Wildcat Trail is a roughly 4-mile circle trek that takes in the finest of Monument Valley’s scenery on foot. It takes around 2 to 3 hours and is classified as somewhat tough owing to portions of heavy sand. With a basic fitness level, you can easily travel the course on your own. Your efforts will be rewarded with close-up views of the famous Mitten Buttes and Merrick Butte. Set out early to avoid the scorching heat of spring and summer. Make sure to bring a camera, since Wildcat Trail is one of Monument Valley’s top attractions.

6. Climb Mexican Hat

While climbing is not permitted in the valley, you may climb Mexican Hat only minutes across the border. This bizarre-looking sandstone rock resembles a tower with a sombrero on top, hence the name. Mexican Hat is popular among expert climbers. If you have enough skill to comfortably tackle medium-difficult climbs, you may try the Bandito Route, which is bolted and clip-up.

If you are not a climber, you may still come and observe the rock up close. You may also watch as others attempt the distinctive rock face.

7. Drive Monument Valley Drive with Photo Stops

We can’t forget the breathtaking Monument Valley Drive. You’ll see some of Monument Valley’s renowned vistas and rock formations along the 17-mile roadway. This gorgeous route travels by Forrest Gump Point, also known as the legendary Forrest Gump Highway. The enormous sandstone buttes have also appeared in Western films, including the Wayne flicks. It’s undoubtedly one of the most well-known picturesque roads in the United States. Allow 3-4 hours to finish the drive, depending on how much time you desire at each stop.

8. Elephant Butte

This stunning butte is notably fashioned like an elephant and is a fantastic choice if you want to view the rock formations beyond the typical three. Again, climbing is prohibited, but you may go to the base and appreciate the natural landmark. Visit soon before sunset for the greatest views.

9. John Ford’s Point

This is the money shot that is often overlooked. John Ford’s Point is named after the American film director and producer. Ford directed several films, including some starring John Wayne. This angle of view was used by John Ford in a number of vintage Western films. You’ll know the expansive vistas of the buttes and desert terrain.

10. North Window Overlook

Finally, there is the North Window Overlook to see in the valley. This is ideal for those seeking a valley vista experience. North Window Overlook provides an additional perspective of Monument Valley Navajo Tribal Park from John Ford’s Point. It is located just a few minutes from the Monument Valley Visitor Center and is ideal for viewing at dawn or sunset.
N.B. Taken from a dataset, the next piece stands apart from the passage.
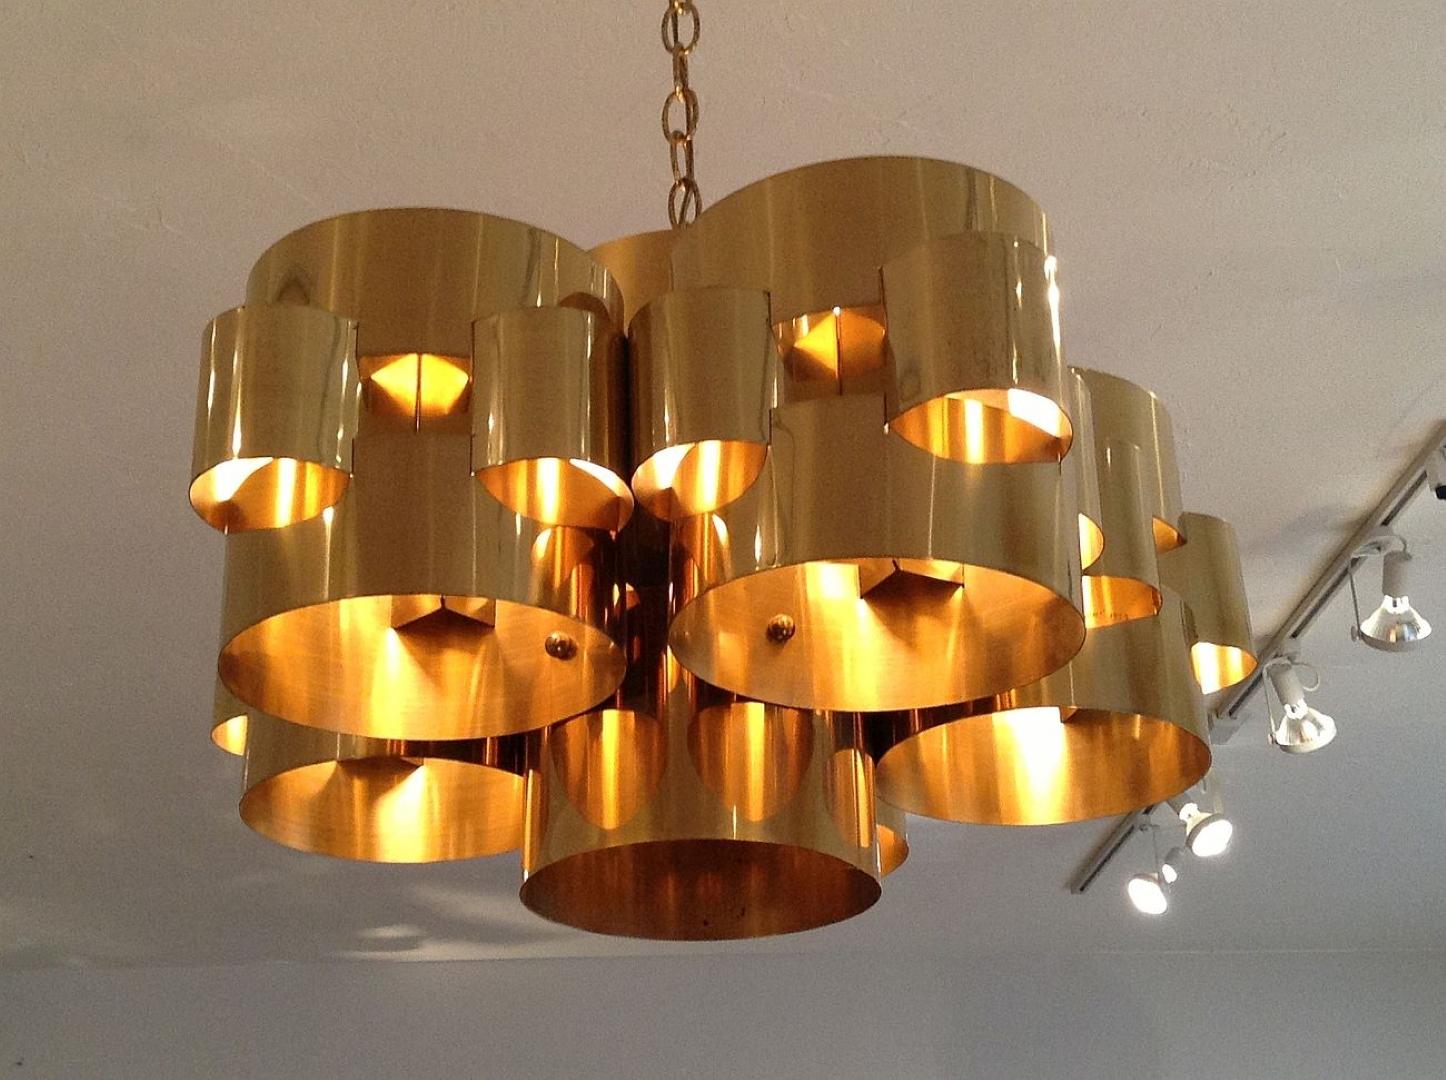 Mid-Century Modern Polished Brass Cloud Chandelier by Curtis Jere, circa 1975 For Sale

When to Visit Monument Valley?

Everybody knows that the valley is harder to get to in the summer. It can get as hot as 94 degrees Fahrenheit in the desert in July and August, making it impossible to go on walks or long drives. On top of that, summer means a lot of people. This is the busy time of the year to go to the valley. If you want to come in the summer, we suggest moving your plans to the beginning or end of the season. It’s mostly busy and hot, and there aren’t many parking spots or private views.

When should you go to the valley if not in the summer? You should go in the fall or spring if possible. Sometimes it gets too cold in the winter—it drops to 25 degrees Fahrenheit—so fall and spring are great times to live. The best times to visit the valley are from September to early November and from March to May. The weather will be nice, in the high 70s Fahrenheit, and there will be fewer people there.
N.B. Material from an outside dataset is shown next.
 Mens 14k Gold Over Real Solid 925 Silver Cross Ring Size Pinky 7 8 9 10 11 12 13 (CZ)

Also, remember what time of day you go into the valley. It’s easier to avoid groups if you go in the middle seasons, like fall or spring. You can be smart about what time of day you visit, too. If you want to spend the whole day in the park, you should go to the most famous spots first thing in the morning. Also, late afternoon is a good time to avoid the crowds if you only want to see a few places.

As you might expect, staying in the valley itself will help you beat the crowds. Especially at places like The View Hotel and Campground, you can see the morning and sunset from the ease of your own home away from home.